## WHAT TO PRODUCE
Set down the full listing below word for word; pictures stay out of the copy.

## INPUT DATA
__________________________________________________
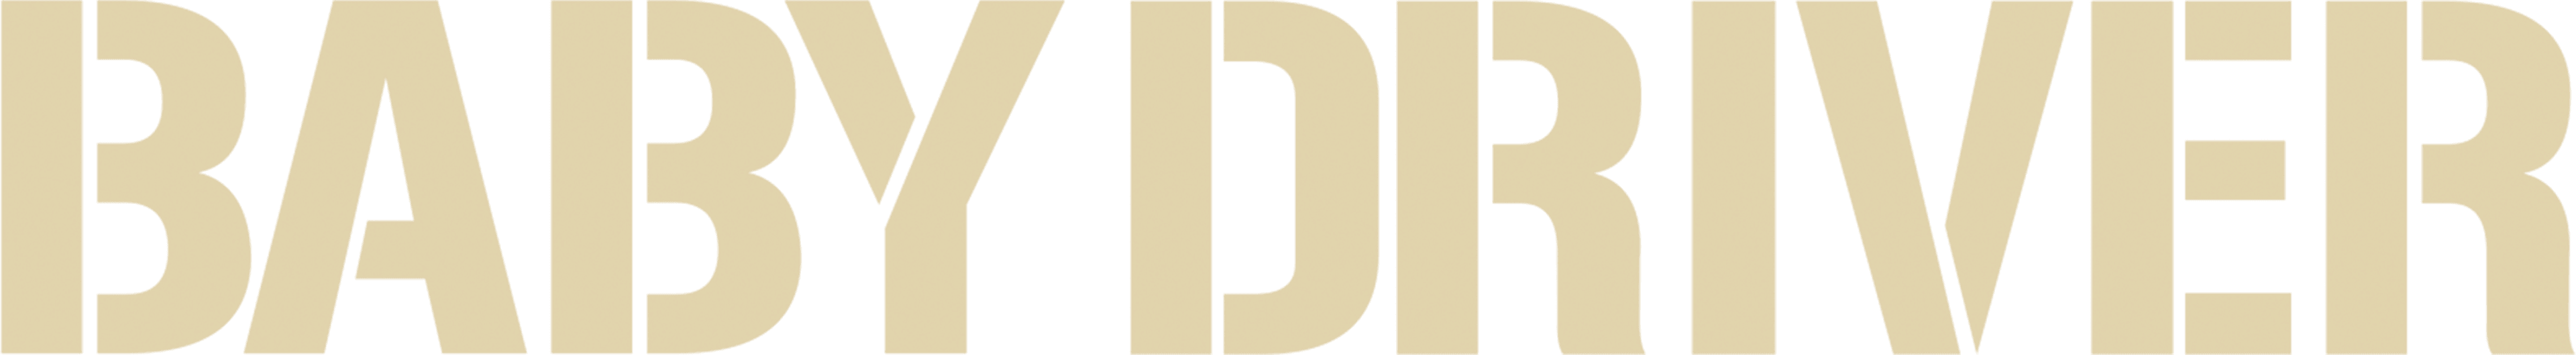 Baby Driver logo
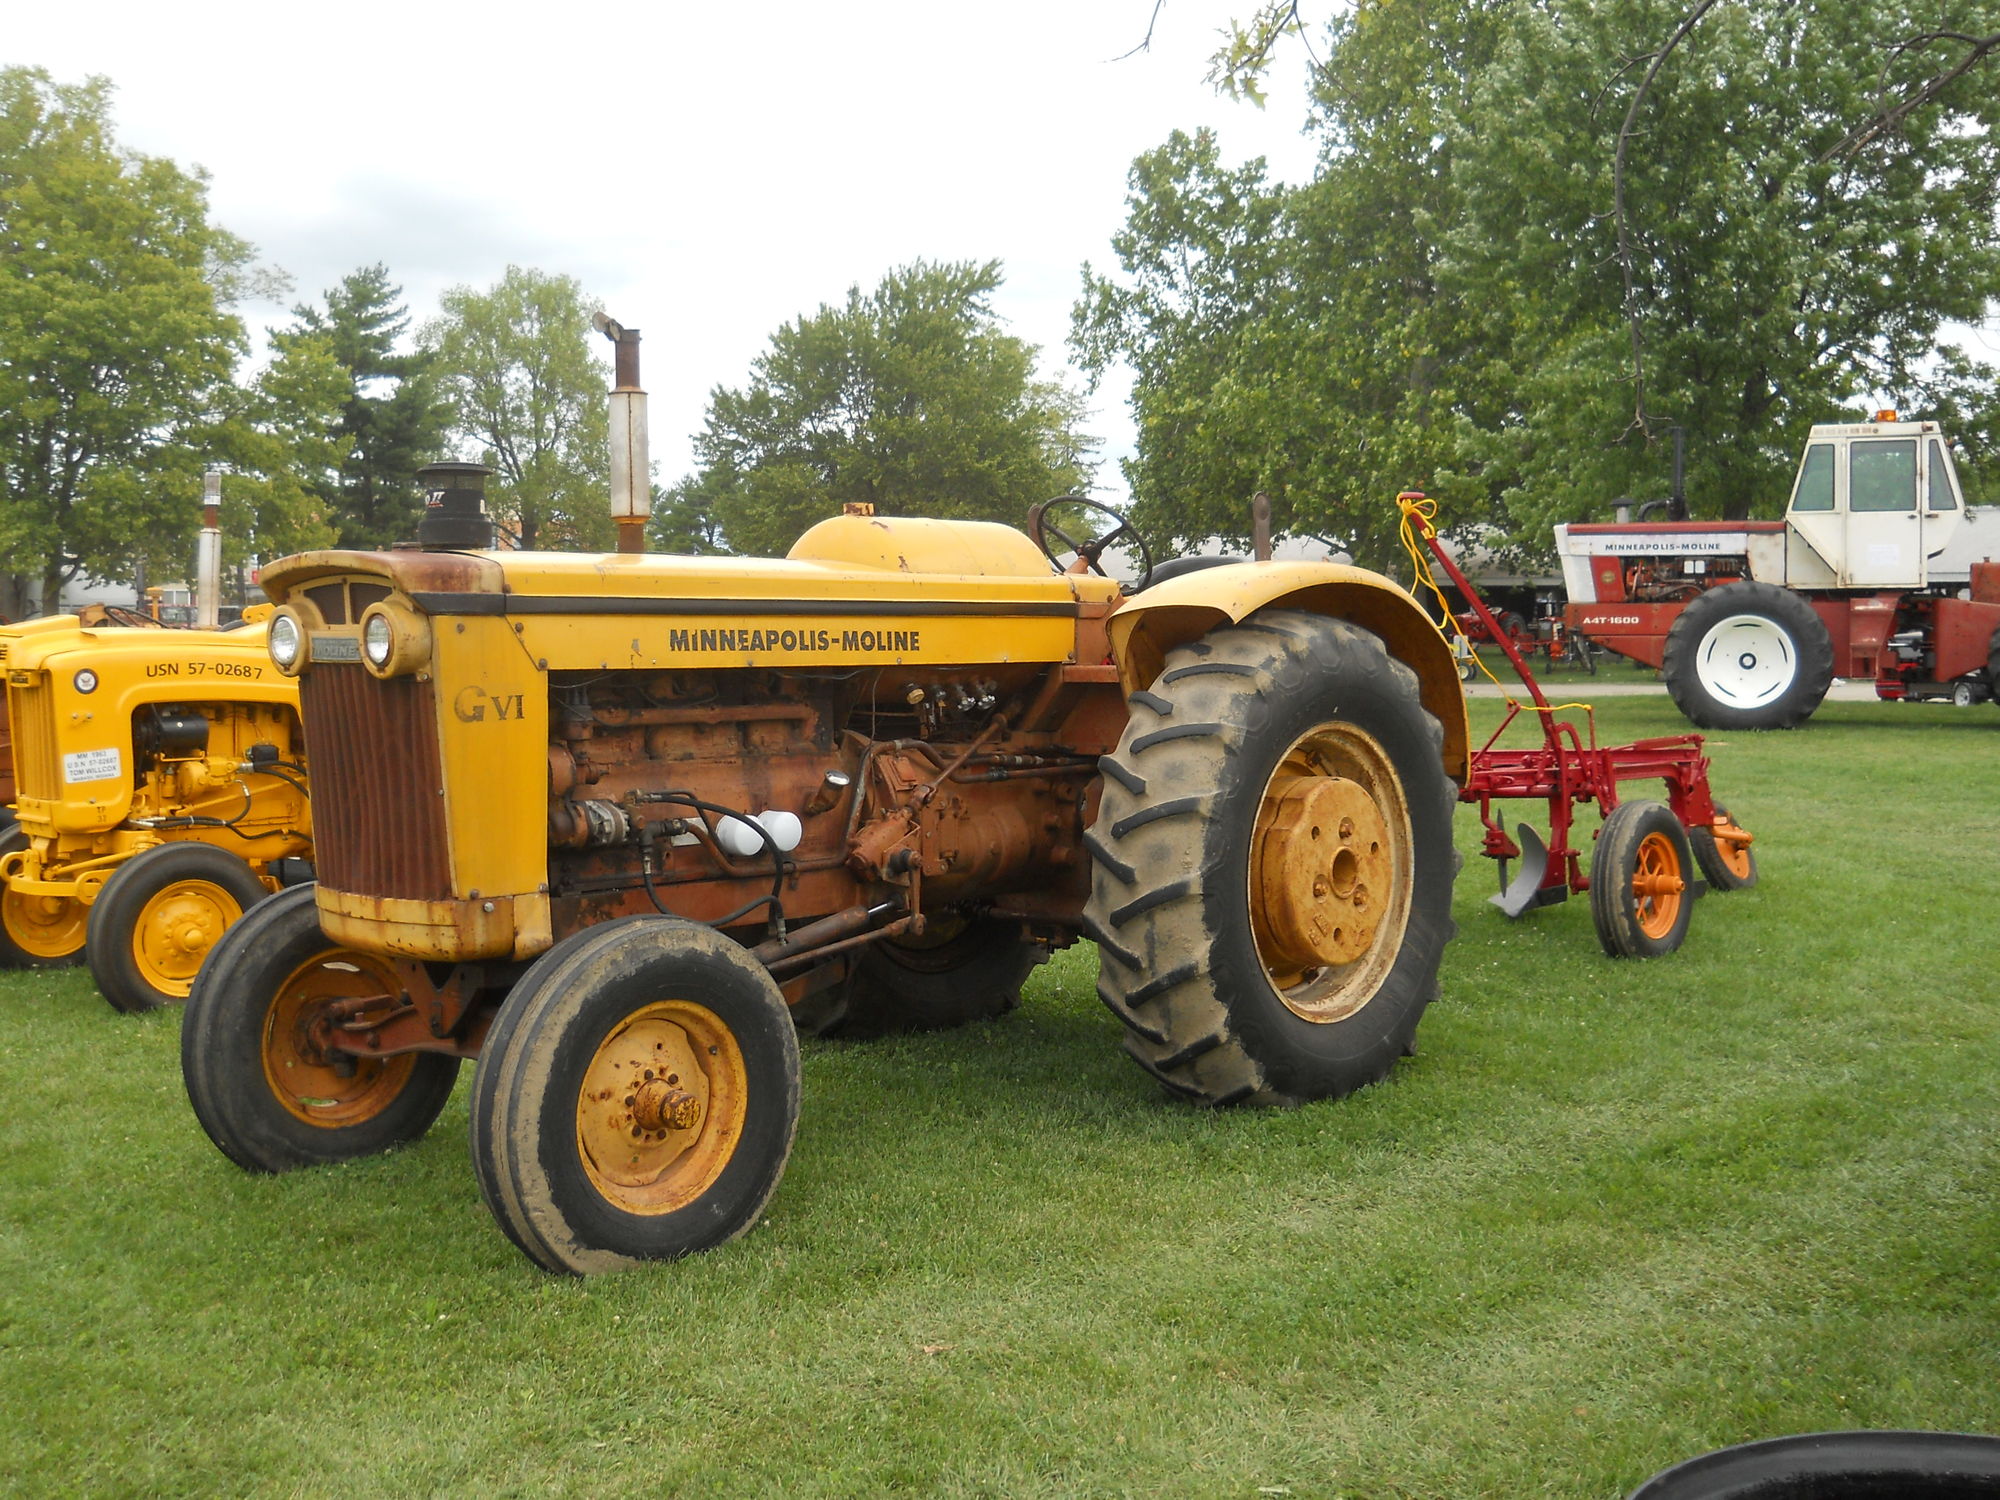 Minneapolis-Moline GVI LP | Tractor & Construction Plant Wiki | Fandom ...
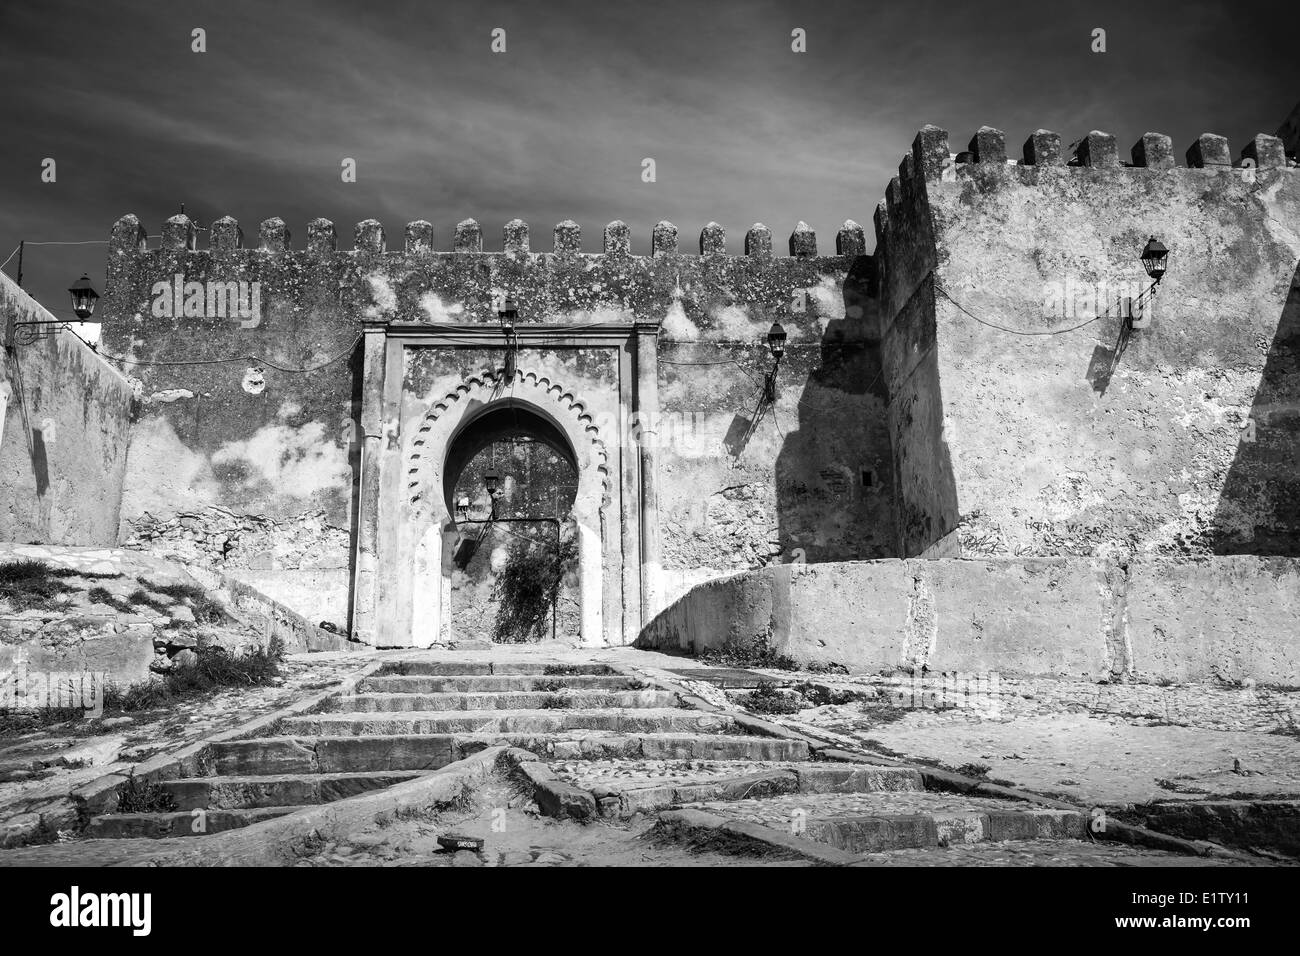 Festung in Medina, schwarz / weiß Foto. Tanger, Marokko Stockfoto
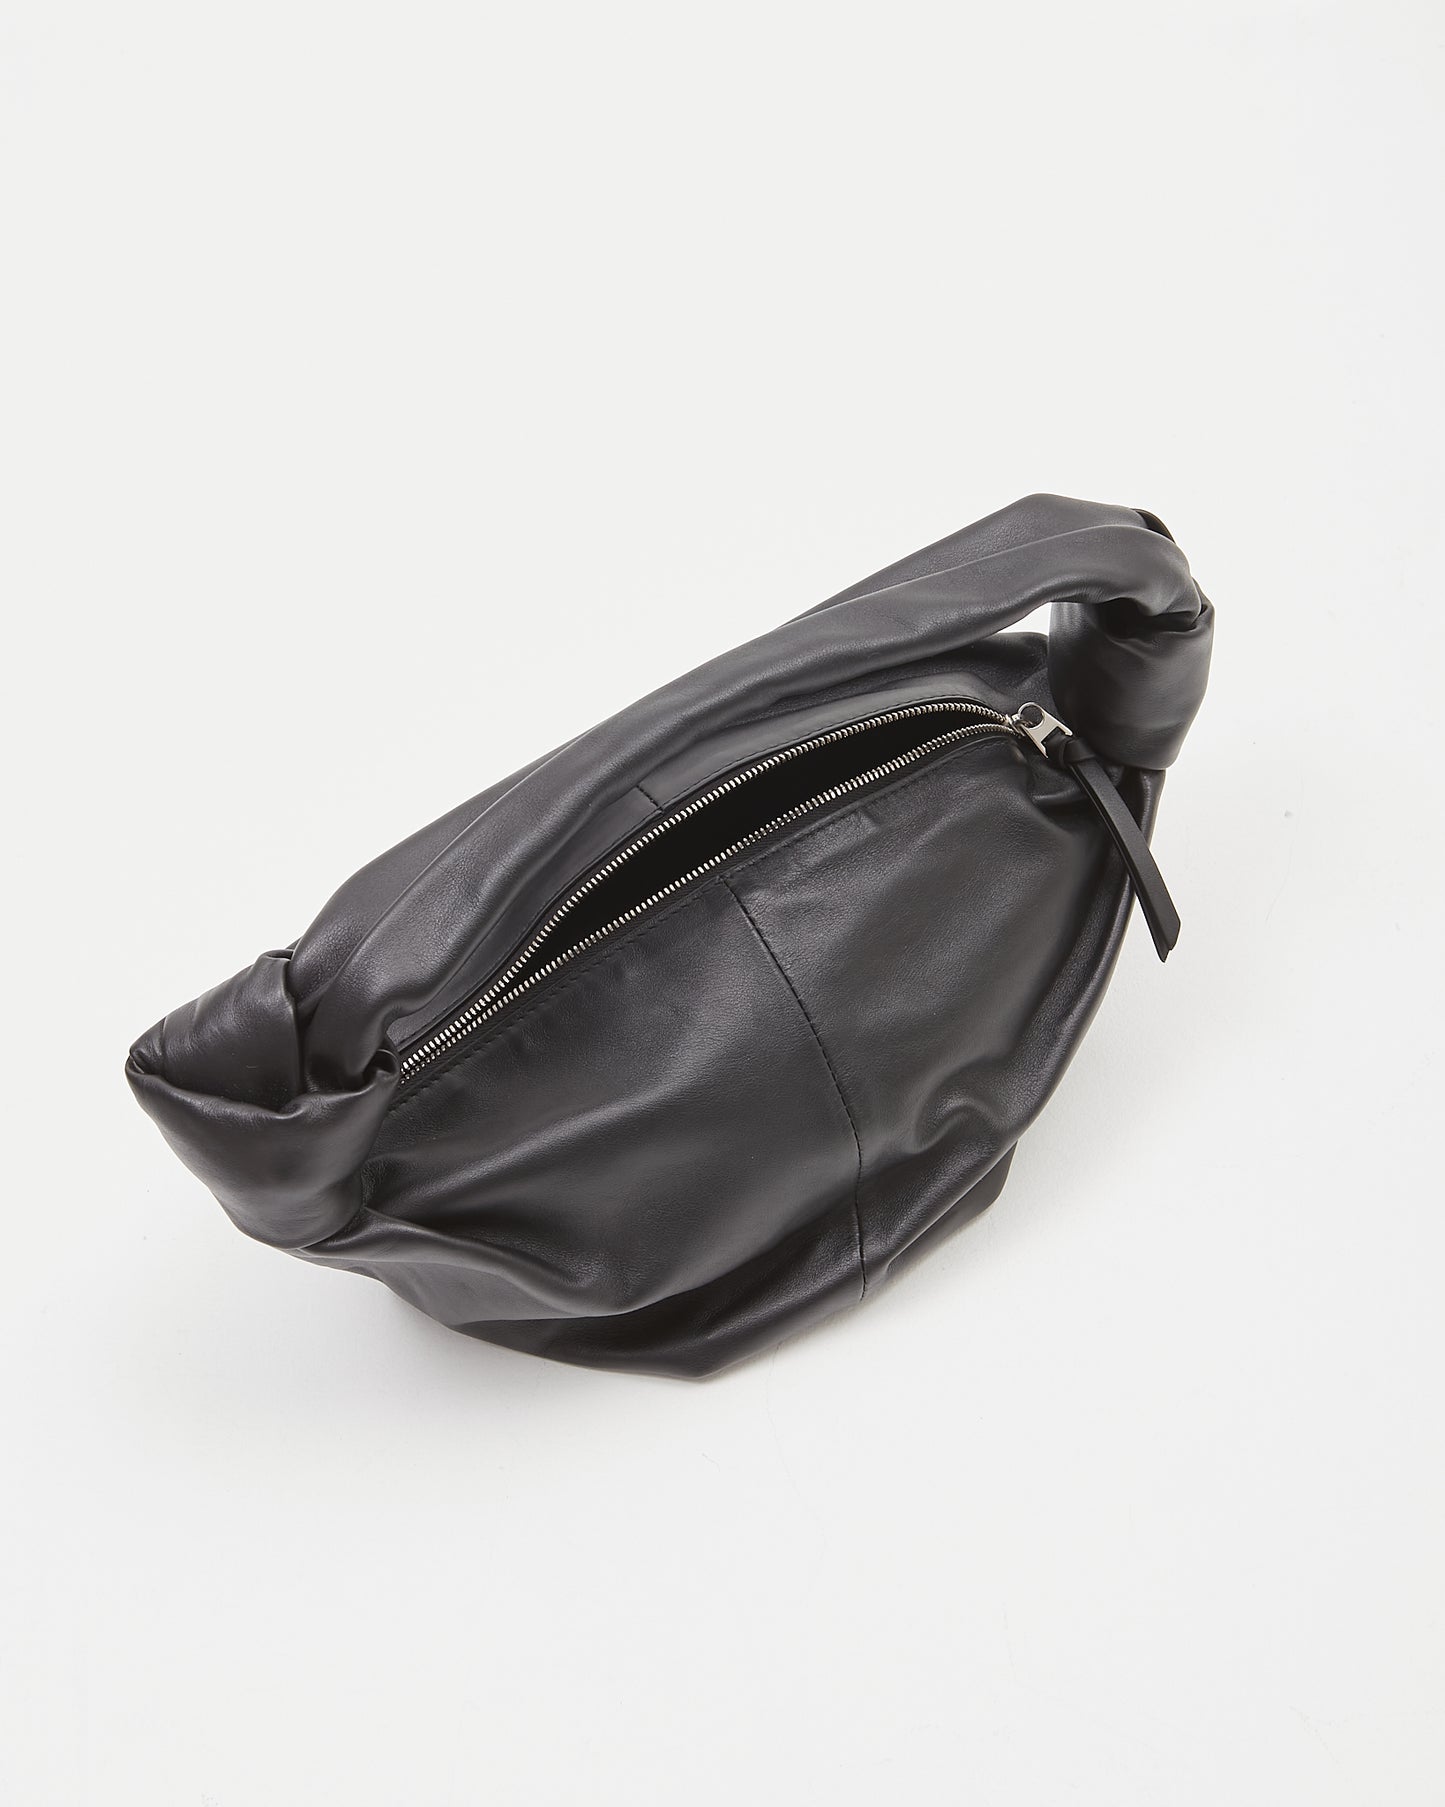 Bottega Veneta Black Leather Double Knot Shoulder Bag
__________________________________________________
## OUTPUT OF THE TASK
 Baby Driver logo
 Minneapolis-Moline GVI LP | Tractor & Construction Plant Wiki | Fandom ...
 Festung in Medina, schwarz / weiß Foto. Tanger, Marokko Stockfoto
 Bottega Veneta Black Leather Double Knot Shoulder Bag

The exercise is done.